Date: Sunday, December 12, 2021, 4:45pm ET

This preclinical study evaluated escalating doses of a tool CD117-ADC. As monotherapy conditioning, a single dose of the CD117-ADC allowed for efficient engraftment of gene-modified autologous stem cells in a rhesus model of gene therapy, without chemotherapy or radiation conditioning. Engraftment of gene-modified stem cells achieved with monotherapy CD117-ADC was robust and durable, equivalent to that achieved with four doses of myeloablative busulfan conditioning. Sustained gene expression of hemoglobin F was confirmed at the protein level in this CD117-ADC-conditioned rhesus transplant model of gene therapy for sickle cell disease. Compared to chemotherapy or radiation-based conditioning regimens, conditioning with monotherapy CD117-ADC could be both sufficiently potent and well tolerated to improve the safety and risk benefit profile for gene therapies that require stem cell transplantation.

Poster Presentation Highlighting Preclinical Data of Targeted ADC Conditioning Program:

Title: CD117-Targeted ADC, in Combination with Lymphodepleting Antibodies, Enables Allogeneic Hematopoietic Stem Cell Transplantation in Mice without Chemotherapy or Radiation (Poster #1682)
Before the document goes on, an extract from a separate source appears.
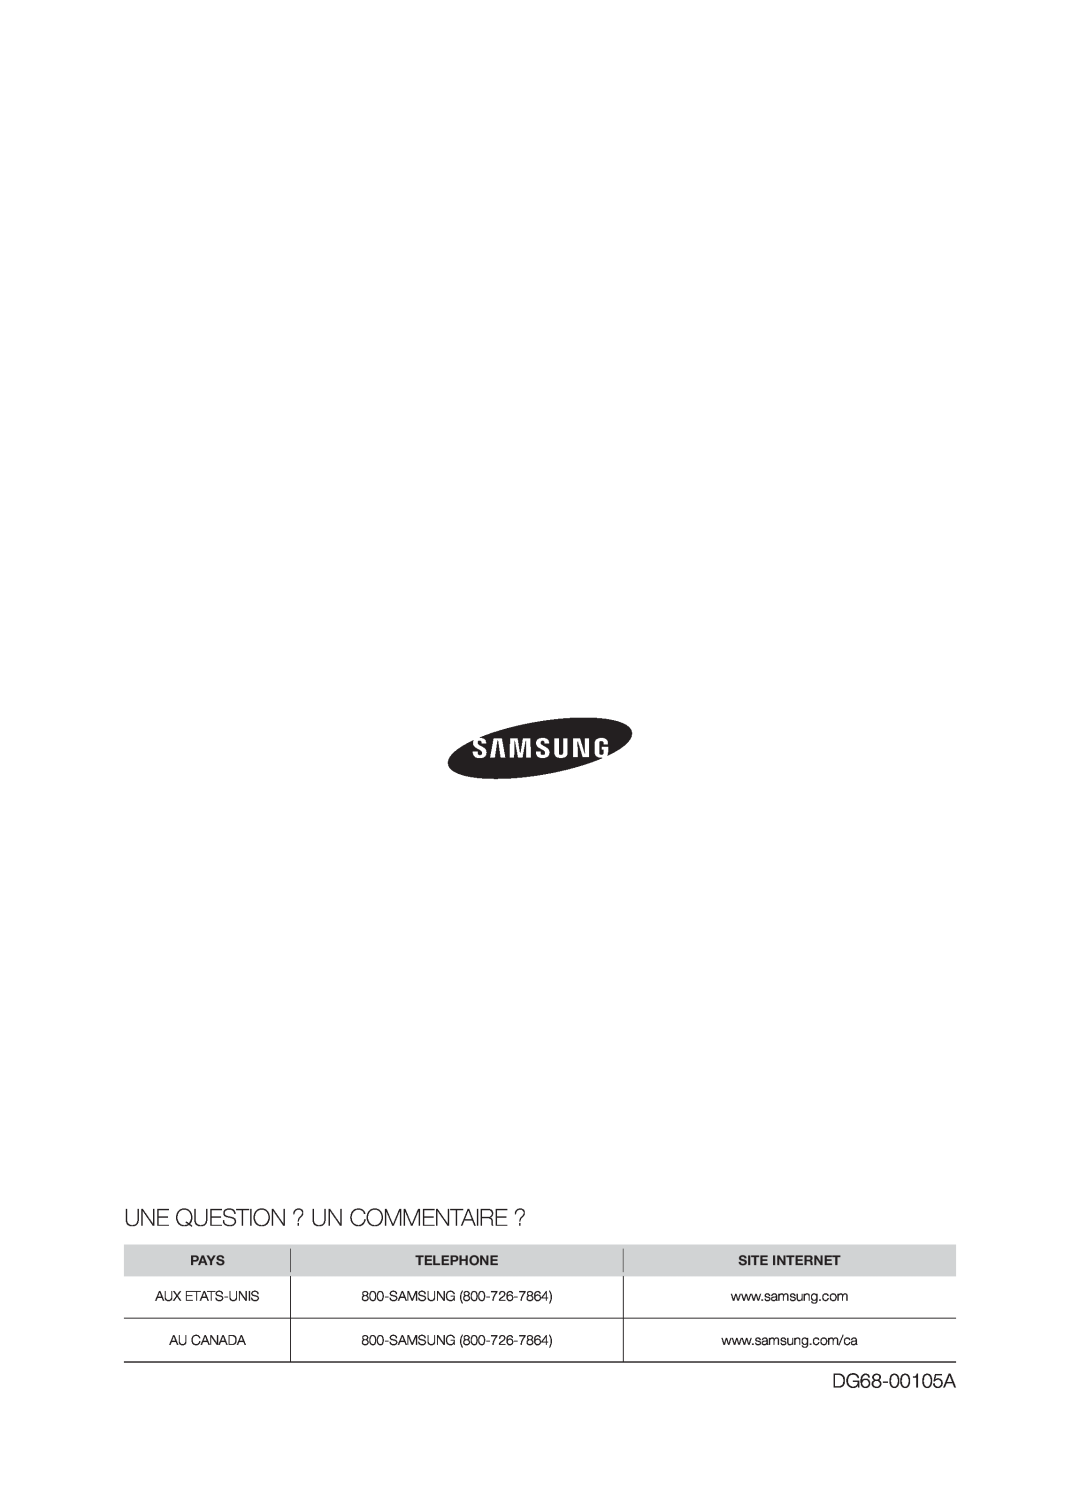 Samsung FTQ386LWX user manual Une Question ? Un Commentaire ?, DG68-00105A, Pays, Telephone, Site Internet

Presenting Author: Leanne Lanieri, M.S., Magenta Therapeutics, Inc.

Date to View Poster Presentation: Saturday, December 11, 2021, 5:30pm – 7:30pm ET

This study evaluated the combination of a tool CD117-ADC with lymphodepleting antibodies as the conditioning regimen in a murine model of allogeneic HSC transplantation. The targeted conditioning regimen enabled complete donor chimerism in a fully mismatched allogeneic HSC transplant murine model, without use of chemotherapy or radiation. Antibody-based targeted conditioning regimens could offer a more favorable risk-benefit profile over chemotherapy and radiation-based conditioning regimens. An improved risk benefit profile, in turn, could extend the curative potential of allogeneic HSC transplantation to more patients with malignant and non-malignant diseases who otherwise would not be eligible for HSC transplantation.